Could the listing below be returned exactly, with its pictures left out?

Start of Information supplied

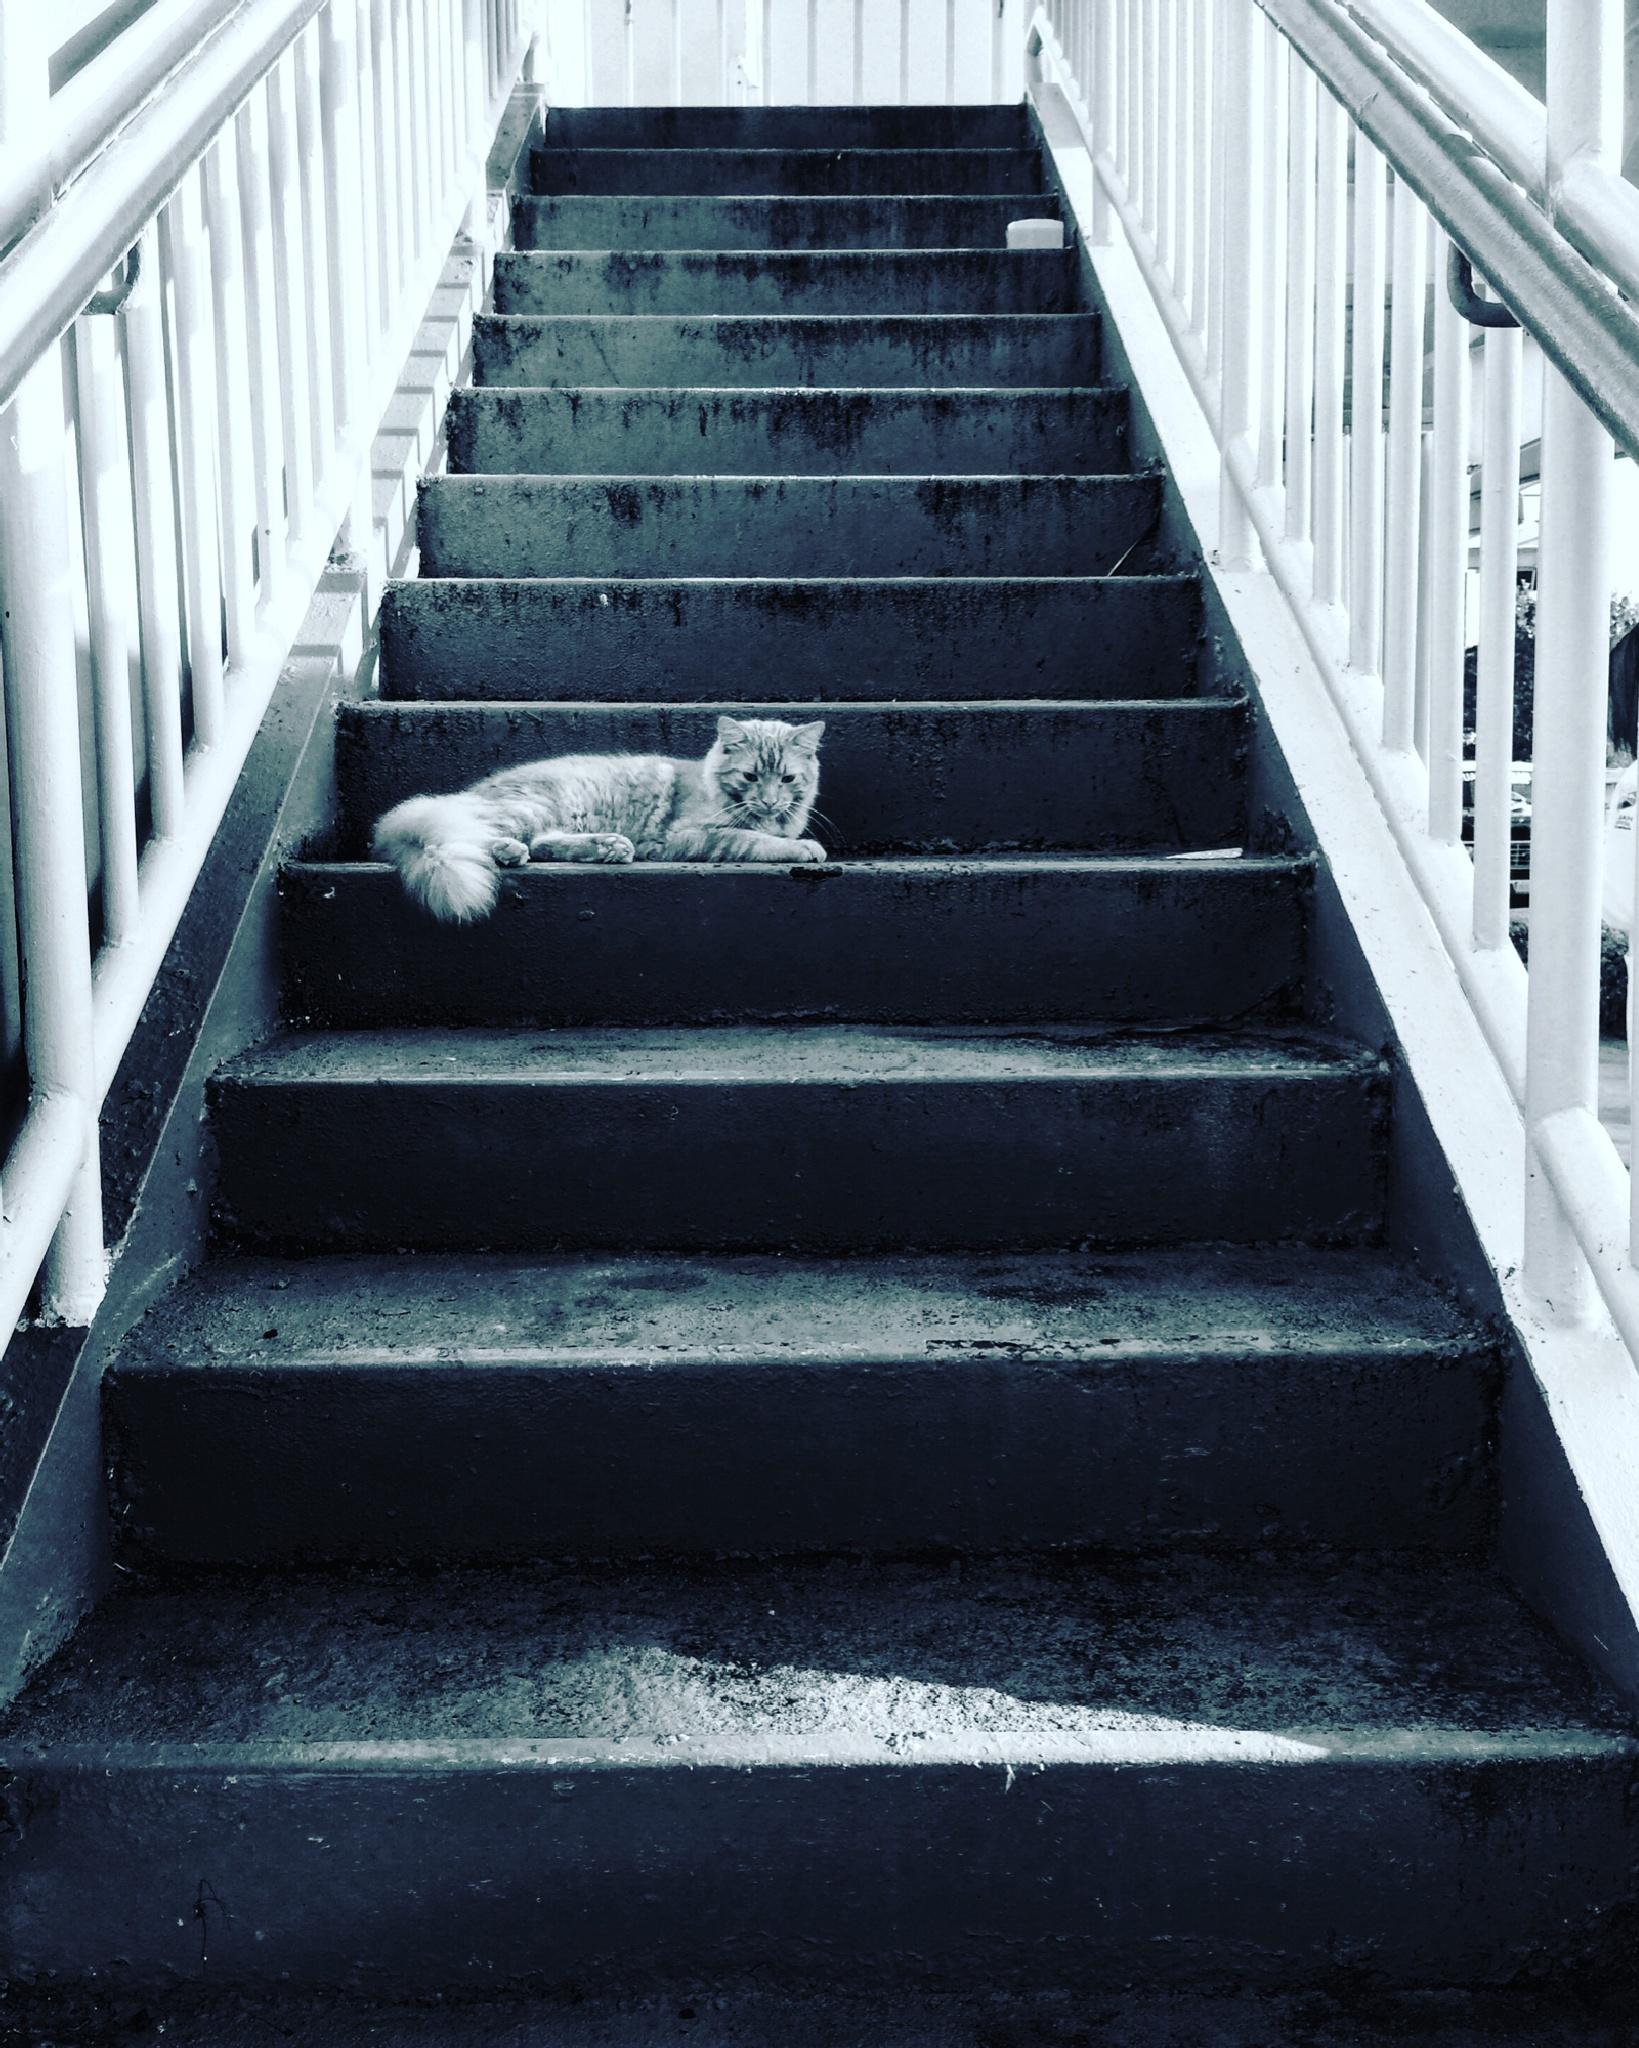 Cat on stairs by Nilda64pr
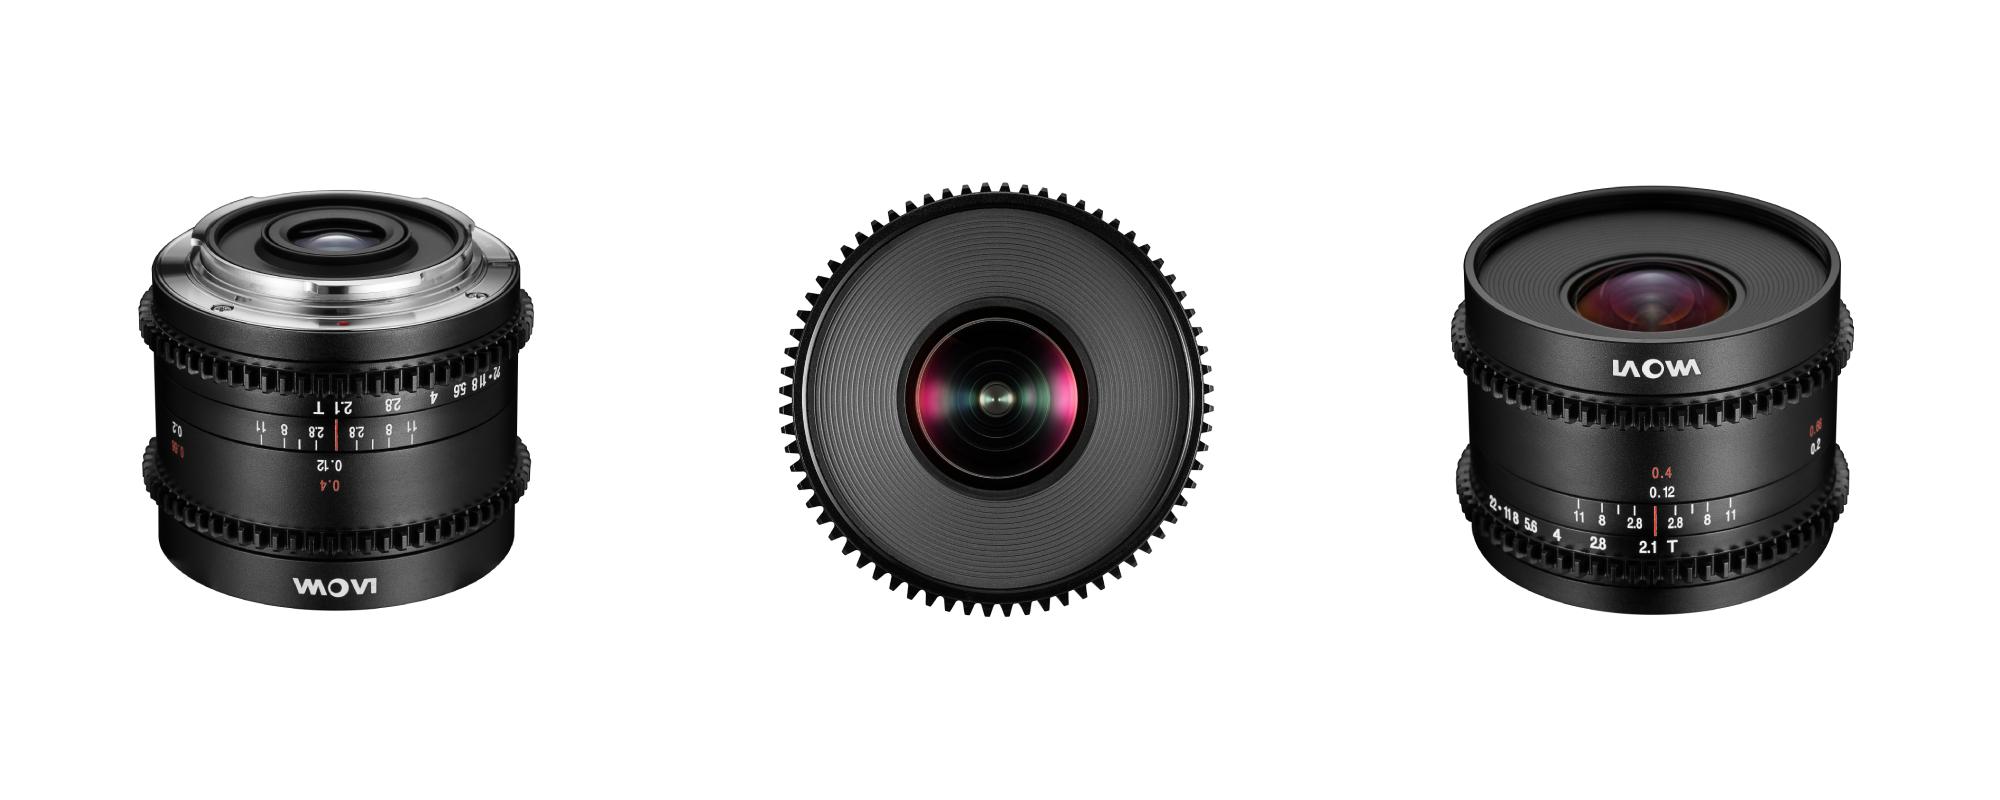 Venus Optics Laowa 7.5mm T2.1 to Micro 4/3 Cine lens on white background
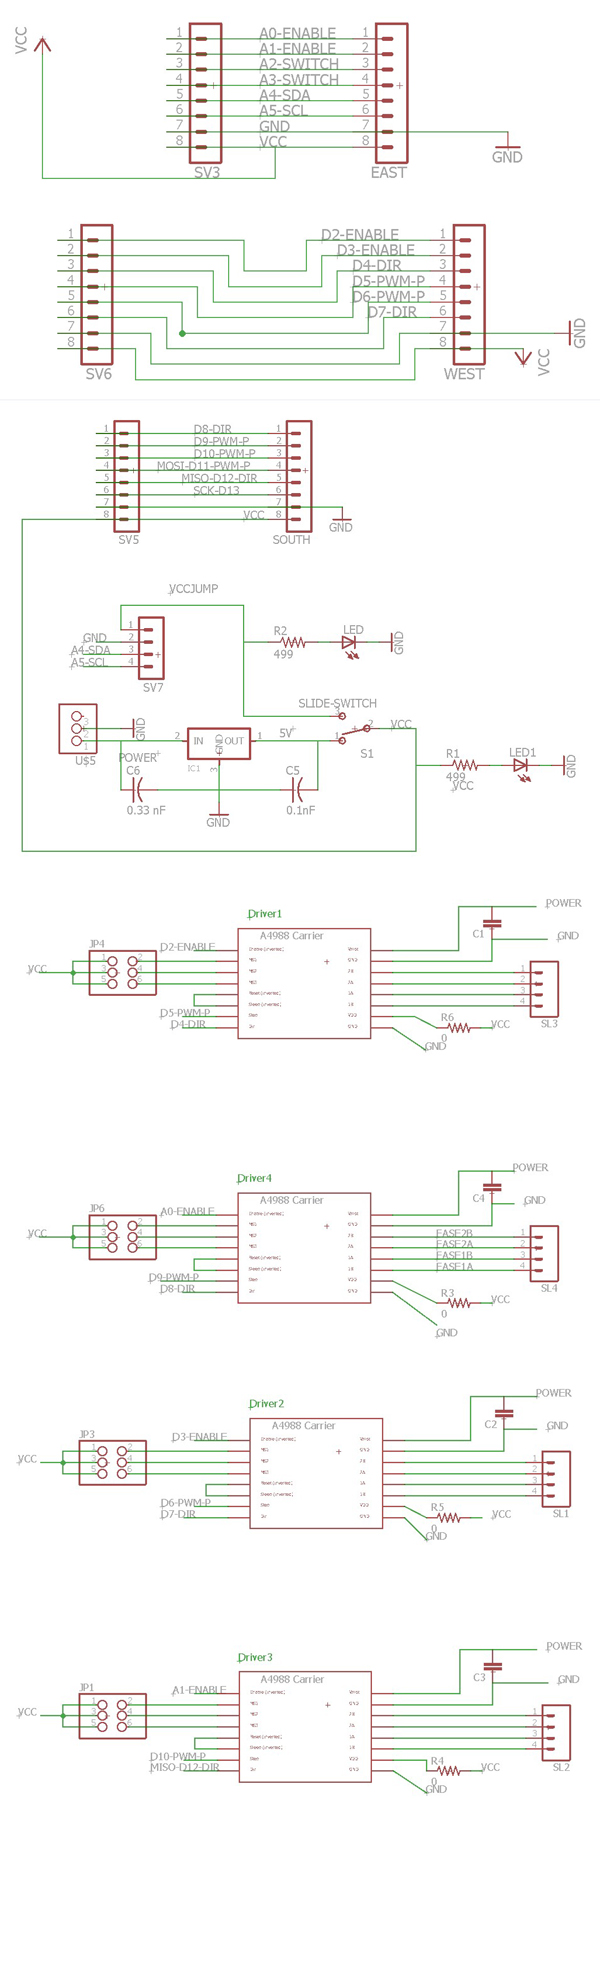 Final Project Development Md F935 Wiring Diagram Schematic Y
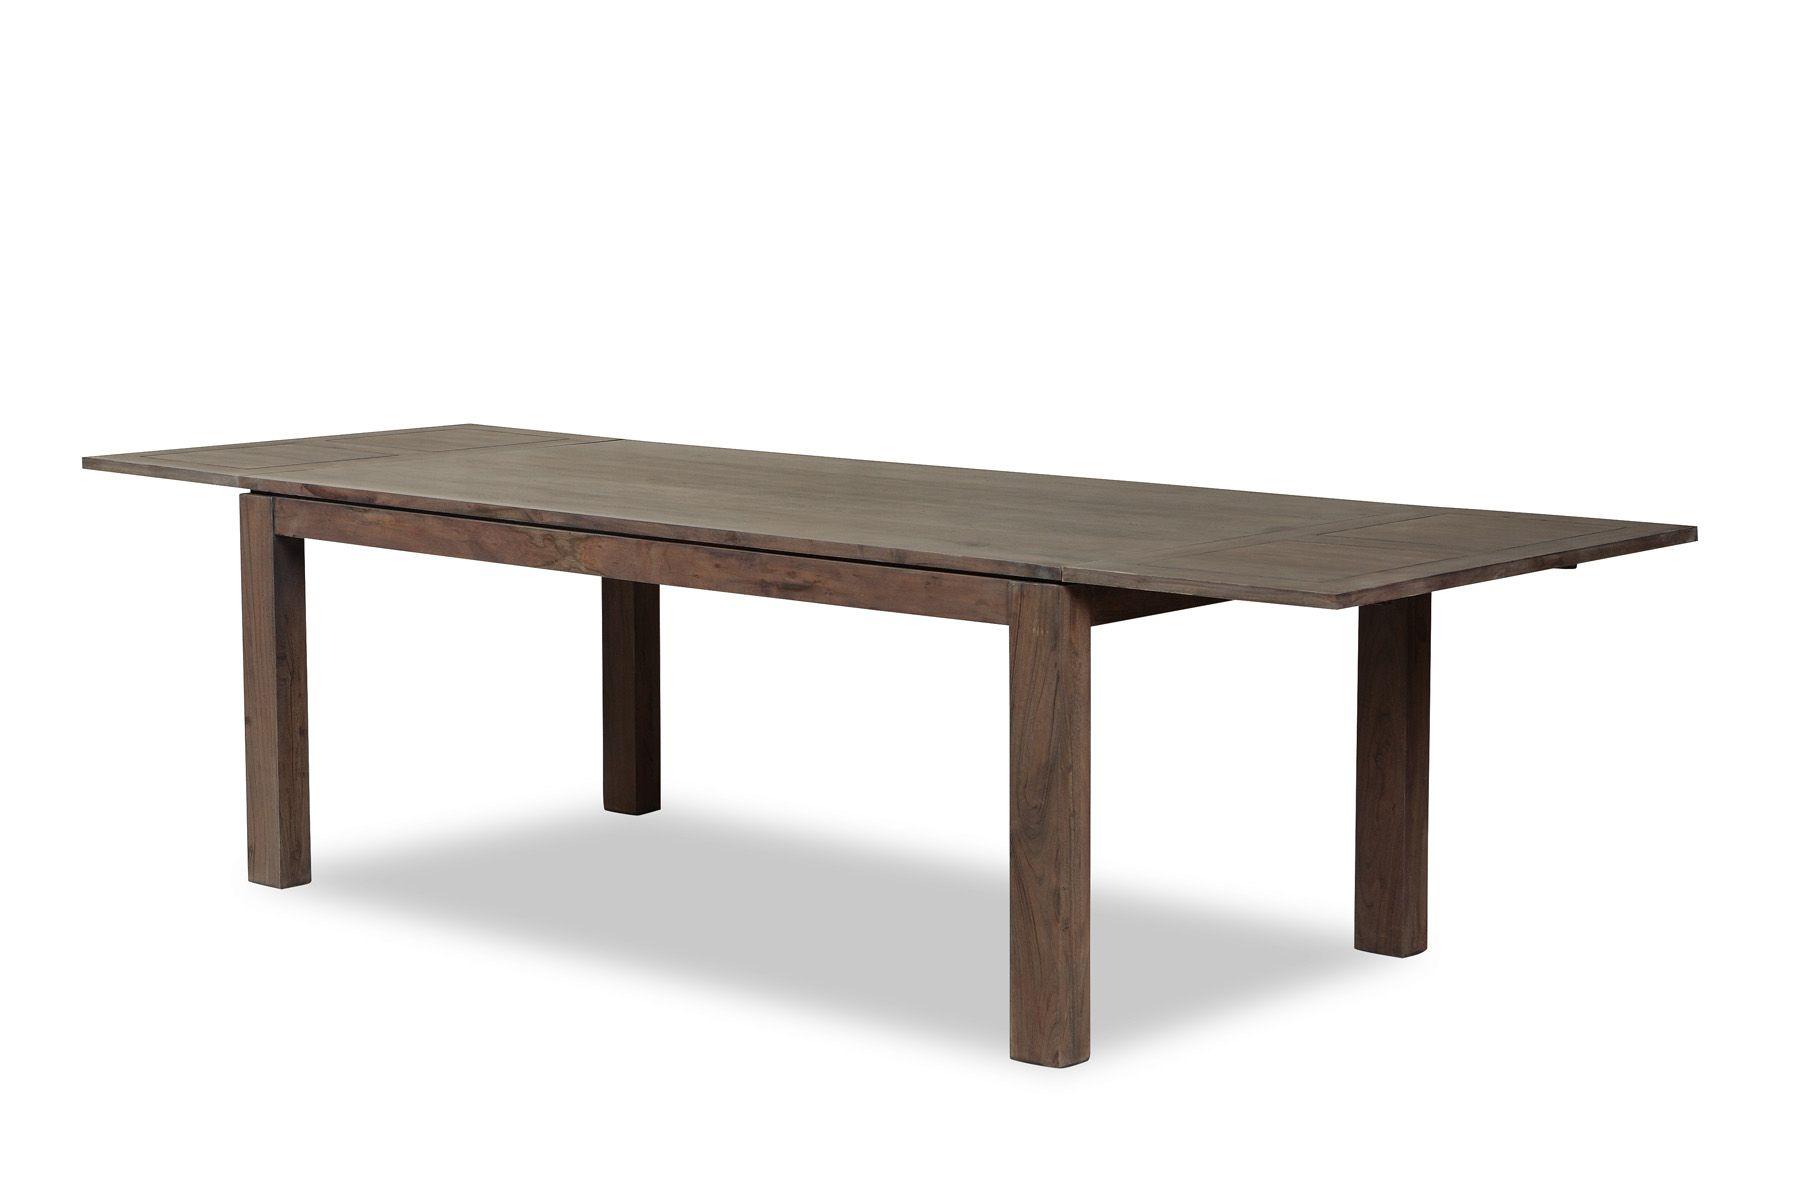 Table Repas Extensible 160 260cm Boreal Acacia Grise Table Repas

End of Information supplied

Result
 Cat on stairs by Nilda64pr
 Venus Optics Laowa 7.5mm T2.1 to Micro 4/3 Cine lens on white background
 Final Project Development Md F935 Wiring Diagram Schematic Y
 Table Repas Extensible 160 260cm Boreal Acacia Grise Table Repas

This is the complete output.